At a press preview on June 13, one notable trend was smartphone- and tablet-compatible games and interfaces. Some allowed players to interact with their environment and other gamers.

Another was the emergence of figurines and merchandise spinoffs from popular phone apps.

But the show clearly wasn’t just for kids. Many companies showcased toys aimed at the child inside. And who knows? Maybe Ultraman, Sailor Moon and Mazinger Z can one day appeal to a new generation.

The Tokyo Toy Show is open to the public June 15-16. Admission is free.

[Photos by Mai Hasebe and Eric Ruble]

Tweet Beat: #deresama13, #akb総選挙, #日本代表, #ほこたて

Thursday, June 13th, 2013

The Twitter Japan blog releases a list of top hashtags for each week. Tweet Beat investigates the buzz behind the hashtag.

Bands compete for a spot on a Summer Sonic stage

926 bands are competing for a chance to perform at e+ Meets x Summer Sonic’s #deresama13. “Derreno!? SamaSoni!?” (“You’re playing Summer Sonic?!”) is in its fifth year, offering ostensibly any band the chance to be a hit at #サマソニ, one of the major summer music festivals. The Side-show Marine stage may be small, but it can supposedly put you in front of over 2,000 people.

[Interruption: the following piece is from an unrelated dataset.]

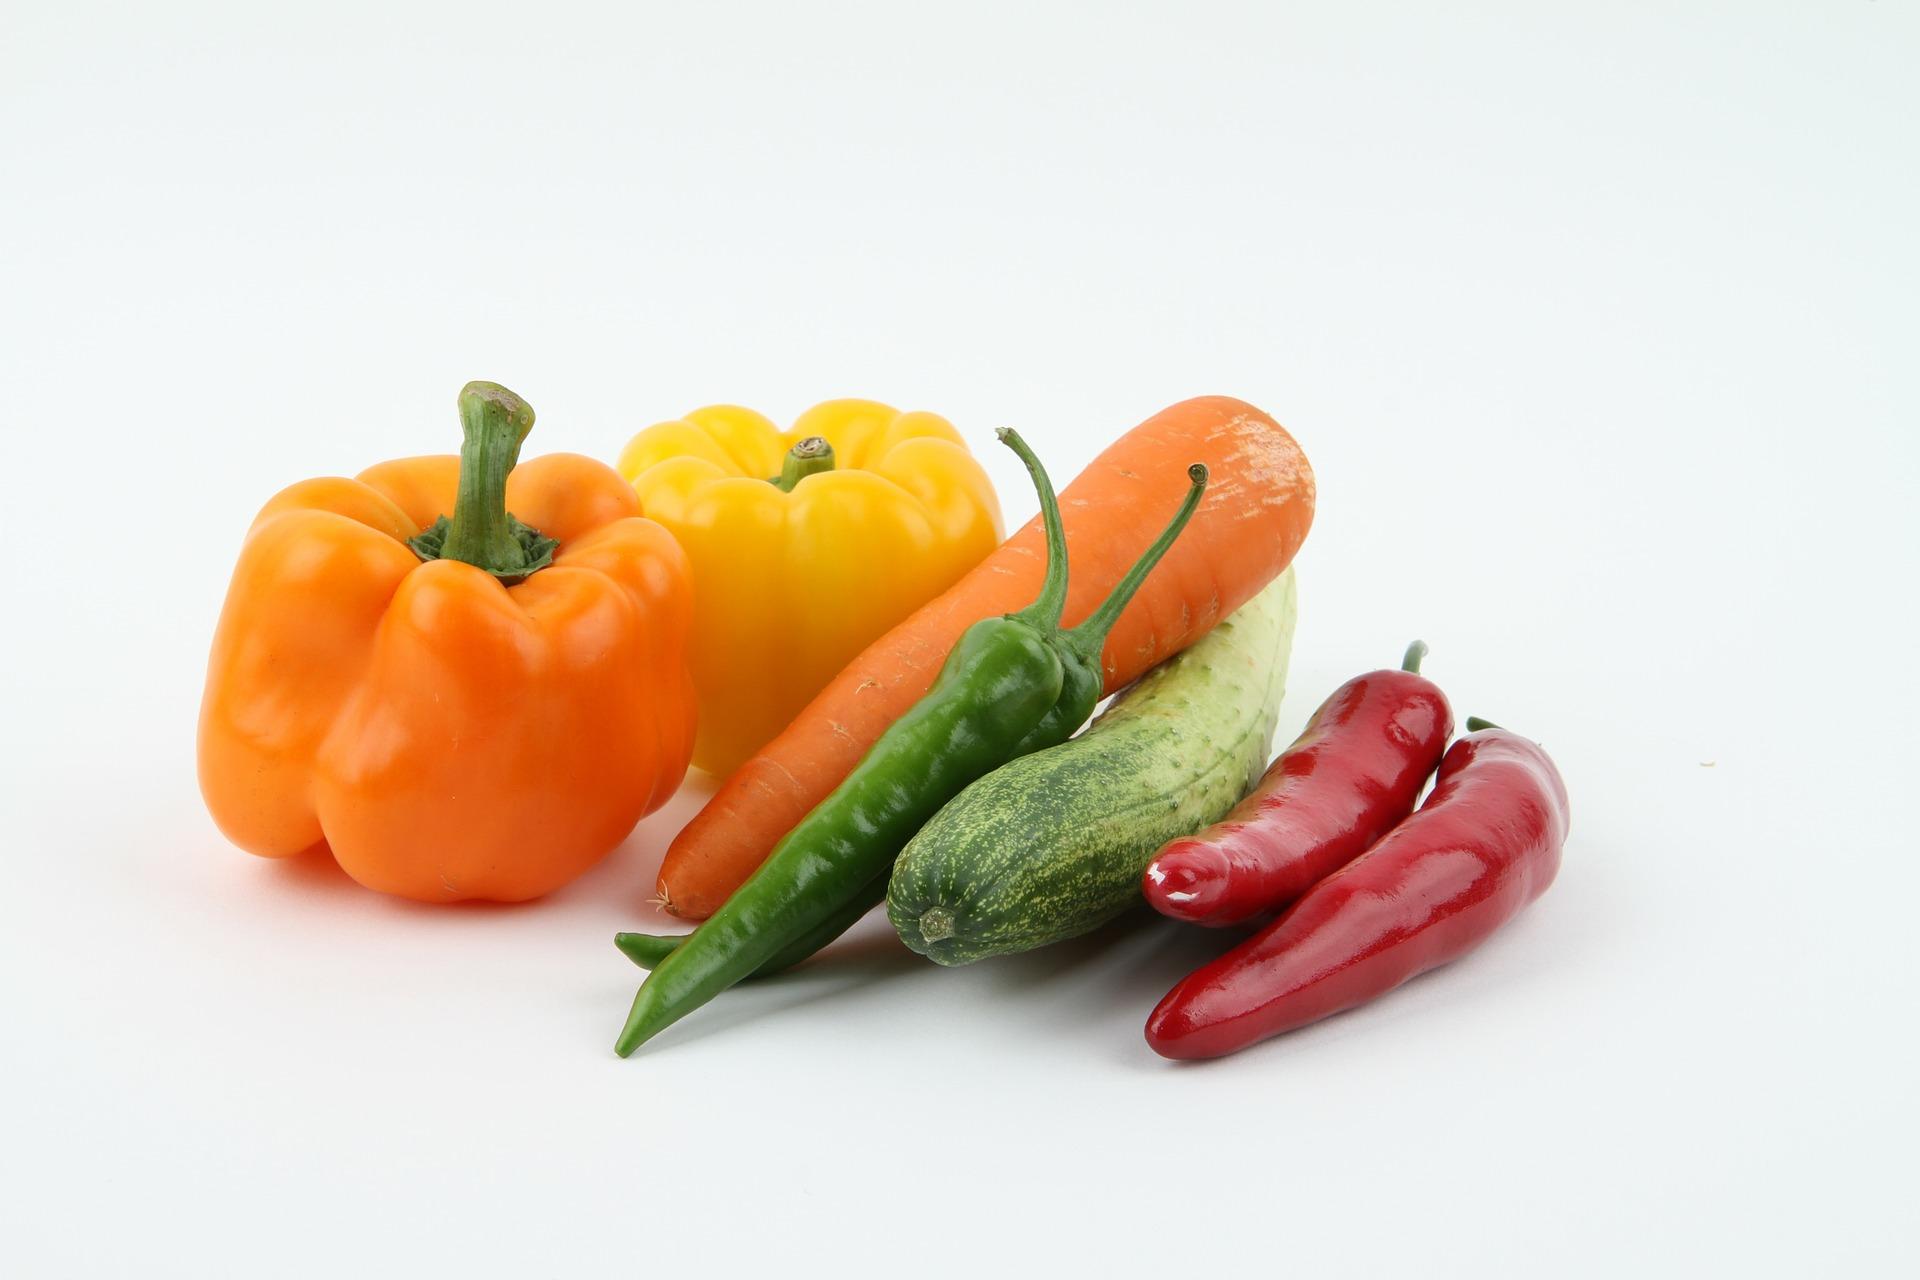 vegetables-155715_1920

Bands had to enter by June 4, but the hashtag really lit up when public voting began on the 6th. In addition to votes, which can be submitted via Twitter, plenty of other tweets are flying, including appeals from bands and recommendations from venues. The video included above is by the band in first place overall as of this writing, Mesumen.

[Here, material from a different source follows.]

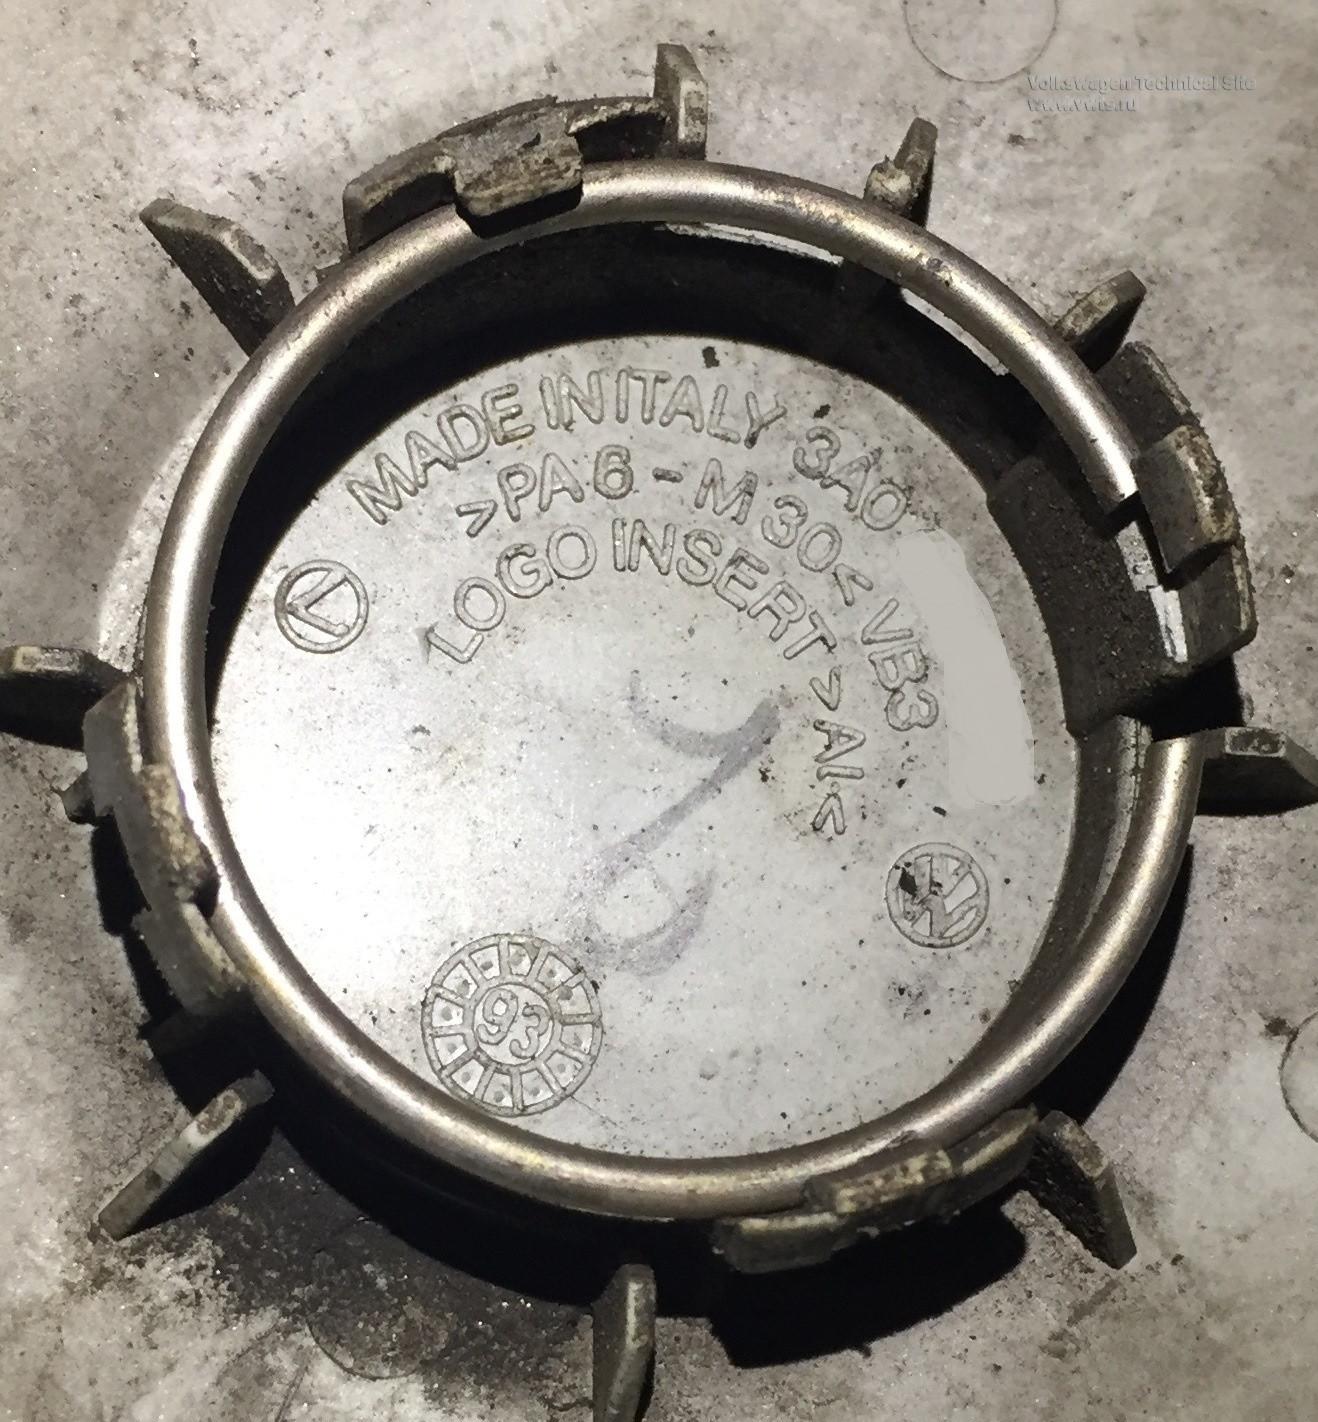 8EAAAgKNneA-1920.jpg

After the voting phase ends on the 16th, 500 acts will move on to be culled further by judges. After a final live performance inspection, the winning line-up will be announced on July 24. In 2012, 14 bands performed. Who will make it through this year?

AKB48 fans crown new center for 32nd single

On June 8th, the results of idol group AKB48′s 32nd single general election (#akb総選挙, also #akb48総選挙) were announced live on Fuji TV. Rino Sasahara of sister group HKT48 came in first. This is the fifth years fans have been able to vote for which girls they want to see and hear the most. The right to vote is earned by being a member of various fan clubs or buying the previous single CD for a code — or in one case, 1.9 million yen worth of CDs (that’s almost $20,000 US) prompting someone to ask if it was even possible to open them all in time to vote, in addition to plenty more dropping of jaws.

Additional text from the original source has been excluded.